The term sentiment analysis deals with sentiment classification based on the review made by the user in a social network. The sentiment classification accuracy is evaluated using various selection methods, especially those that deal with algorithm selection. In this work, every sentiment received through user expressions is ranked in order to categorise sentiments as informative and non-informative. In order to do so, the work focus on Query Expansion Ranking (QER) algorithm that takes user text as input and process for sentiment analysis and finally produces the results as informative or non-informative. The challenge is to convert non-informative into informative using the concepts of classifiers like Bayes multinomial, entropy modelling along with the traditional sentimental analysis algorithm like Support Vector Machine (SVM) and decision trees. The work also addresses simulated annealing along with QER to classify data based on sentiment analysis. As the input volume is very fast, the work also addresses the concept of big data for information retrieval and processing. The result comparison shows that the QER algorithm proved to be versatile when compared with the result of SVM. This work uses Twitter user comments for evaluating sentiment analysis.

Mind reading is the greatest challenge in sentiment analysis. Generally, the output of such reading results in the information that a user actually wants. Rather than asking others what they feel, instead of reading their mind is rather an interesting task [

It’s a type of natural language processing where the review comments are categorized as either positive/or negative. Generally, all observations in the sentimental analysis are labelled only in these two categories whereas the third category is neutral [

Before subjecting the data for processing, the irrelevant information was removed using traditional statistical methods like CHI square test. Such methods improve the data efficacy. The introduction of supervised learning methods like SVM, Bayes methods, and Decision tree supports in decision making and reviews.

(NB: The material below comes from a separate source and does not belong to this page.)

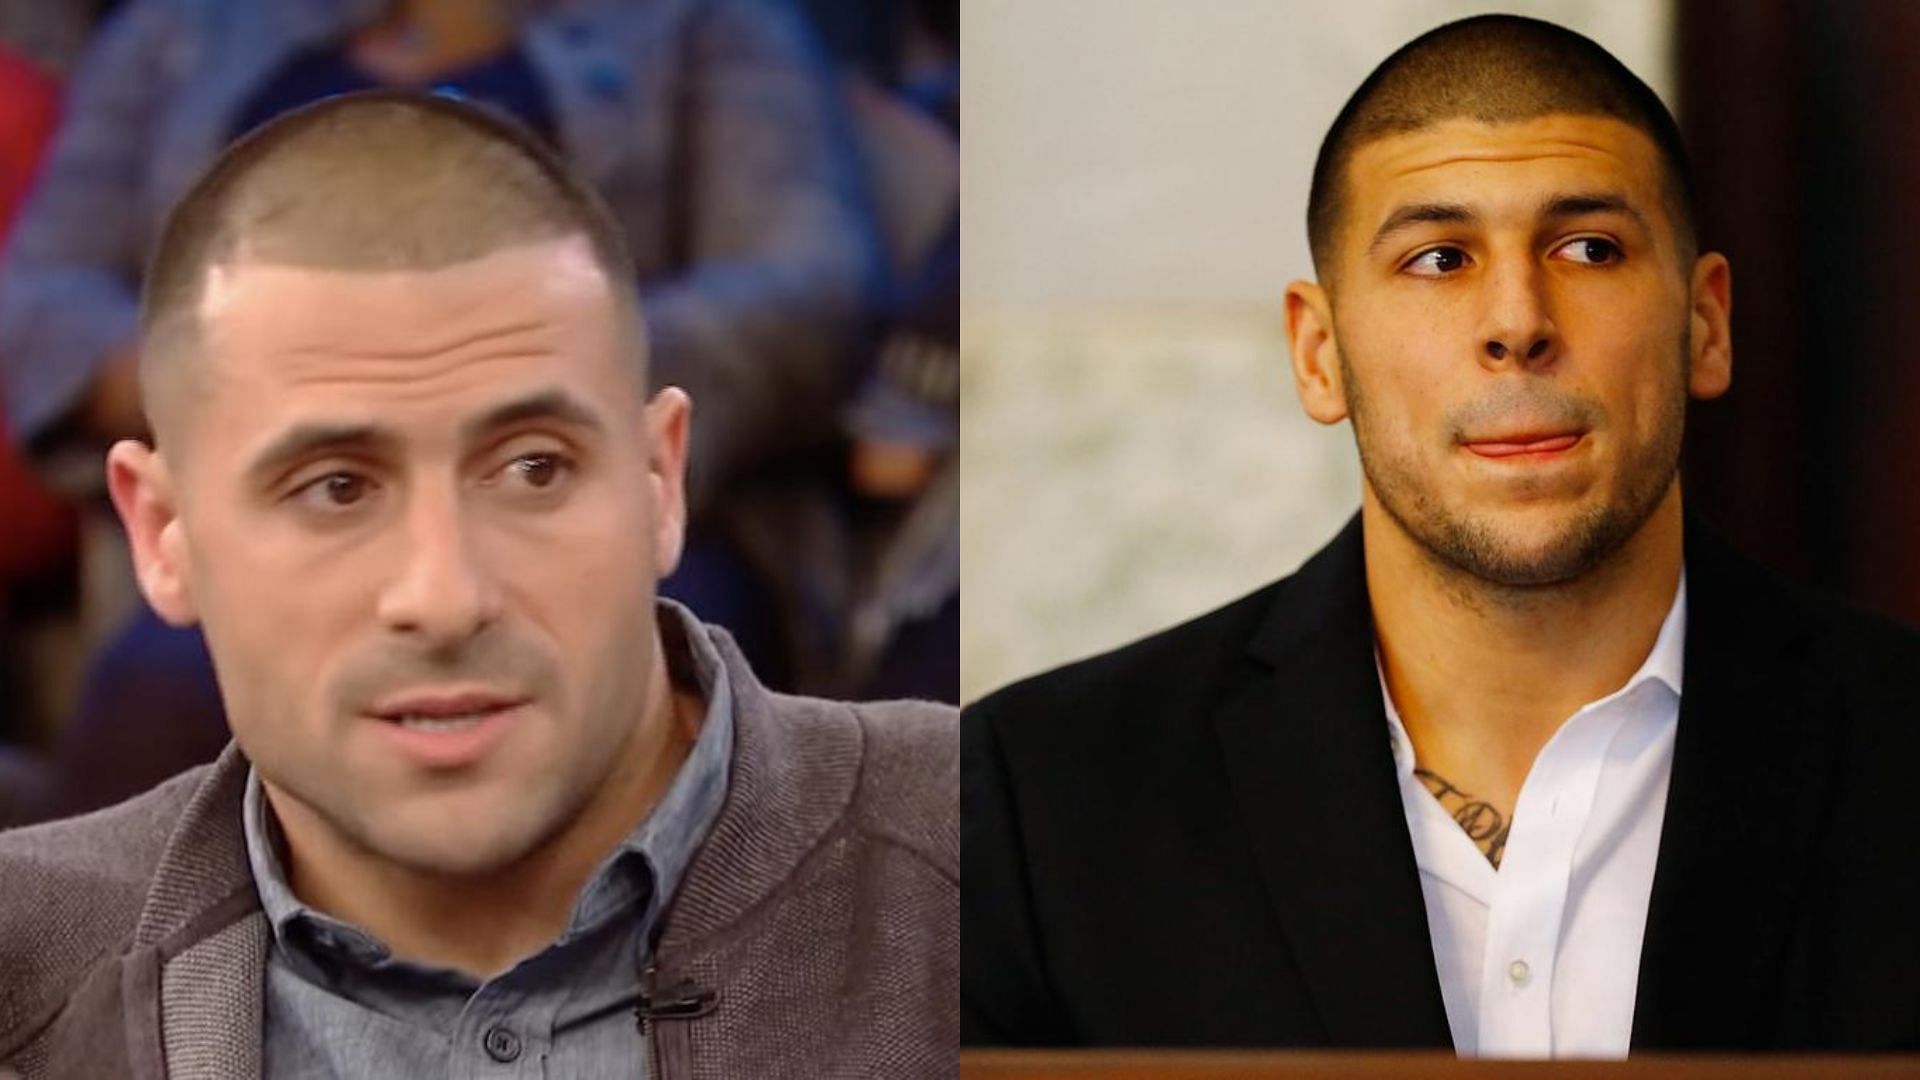 DJ Hernandez (L), the older brother of the late NFL TE Aaron Hernandez (R), was arrested for role in shootings

The text-based classifications are the key term to be addressed in sentimental analysis. In order to forecast sentiment analysis based on reviews like “Great”, “Super”, and “Awesome” are some of the key terms to be used to describe positivity in review comments. Such comments will assist in positive review analysis based on the comments posted by the users. While using such terms like “Great” in sentimental analysis the remaining portion of the comments also justifies the same expressions. Example “The Mobile is Great”. In this example, the “Great” keyword is alone considered to make a positive impact to express sentiment feelings.

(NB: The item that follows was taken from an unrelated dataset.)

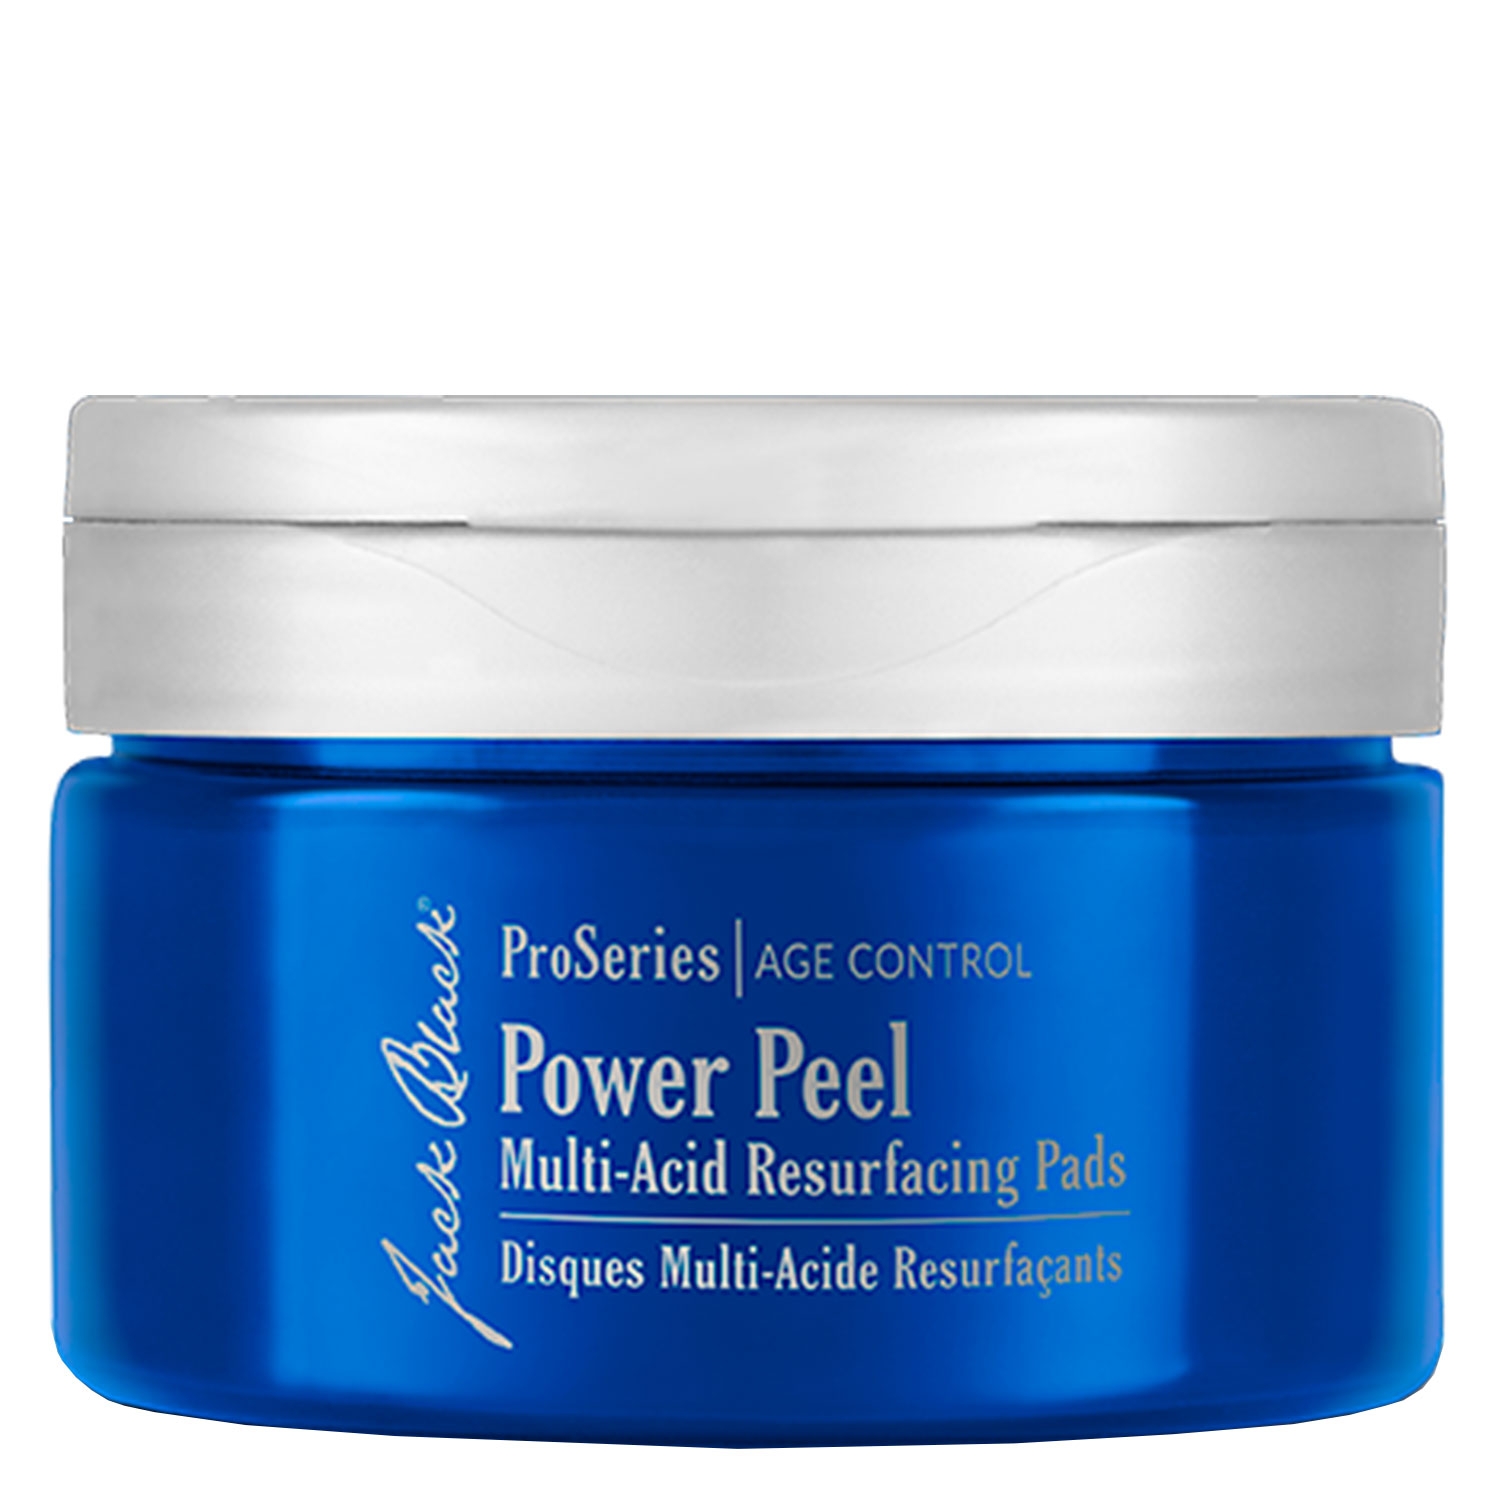 Product image from ProSeries Age Control - Power Peel Pads

When such terms are not used in a review result in negative feedback and the results of neutral comments arise when there are no comments or there are no special tag hints like “Good” or “Bad” that justify the review. In this work, the review in the sentimental analysis is evaluated using QER algorithm that reduces the maximum factors that are considered for evaluating sentiments. The use of QER algorithm classifies the review as informative or non-informative using a sentimental analysis algorithm. The work also addresses the key concepts of introducing traditional statistical methods CHI Square test to classify the review in either of two categories like information or non-informative. On receiving the results as non-informative they are further subjected to QER. The results are compared with SVM for feature selection on different review comments data sets. The objective of this paper is to reduce the overall data size along with the time constraints. Since the time consumption is directly proportional to data volume. Such evaluation provides accuracy in sentimental analysis when data volumes are increased.

The concepts of this paper are organized as follows. The survey addresses the earlier works addressing the same on different perspectives. The algorithm addresses different classifications of the algorithm used to deal with sentiment analysis. Existing and proposed methods compare the present work with the earlier algorithm versions. Results and discussion addressing the results achieved with fixed and variable data sets and finally conclusion and future works deal with the extended approaches to be made from the present conditions.

Sentimental Analysis (SA) plays a vital role in analyzing sentiments using natural language processing. It also supports Artificial intelligence along with the machine language to automate the process of handling sentiment analysis. When a comment is made and taken as a review, it is classified as positive and negative. There is no need to focus on the positive and whereas in the case of the negative, efforts have to be taken to fine-tune the process based on review comments.

Apart from negative comments, there is another zone to be focused i.e., neither positive nor negative. Such cases need to be focused and given the additional privilege of sentiment analysis to predict how to convert neither positive nor negative case to positive [

Utkin et al. [

Liu et al. [

Lakshmanaprabu et al. [

The major difference between Naïve Bayes and Bayes multinomial is that the former uses independence assumption whereas the prior uses multinomial distributions.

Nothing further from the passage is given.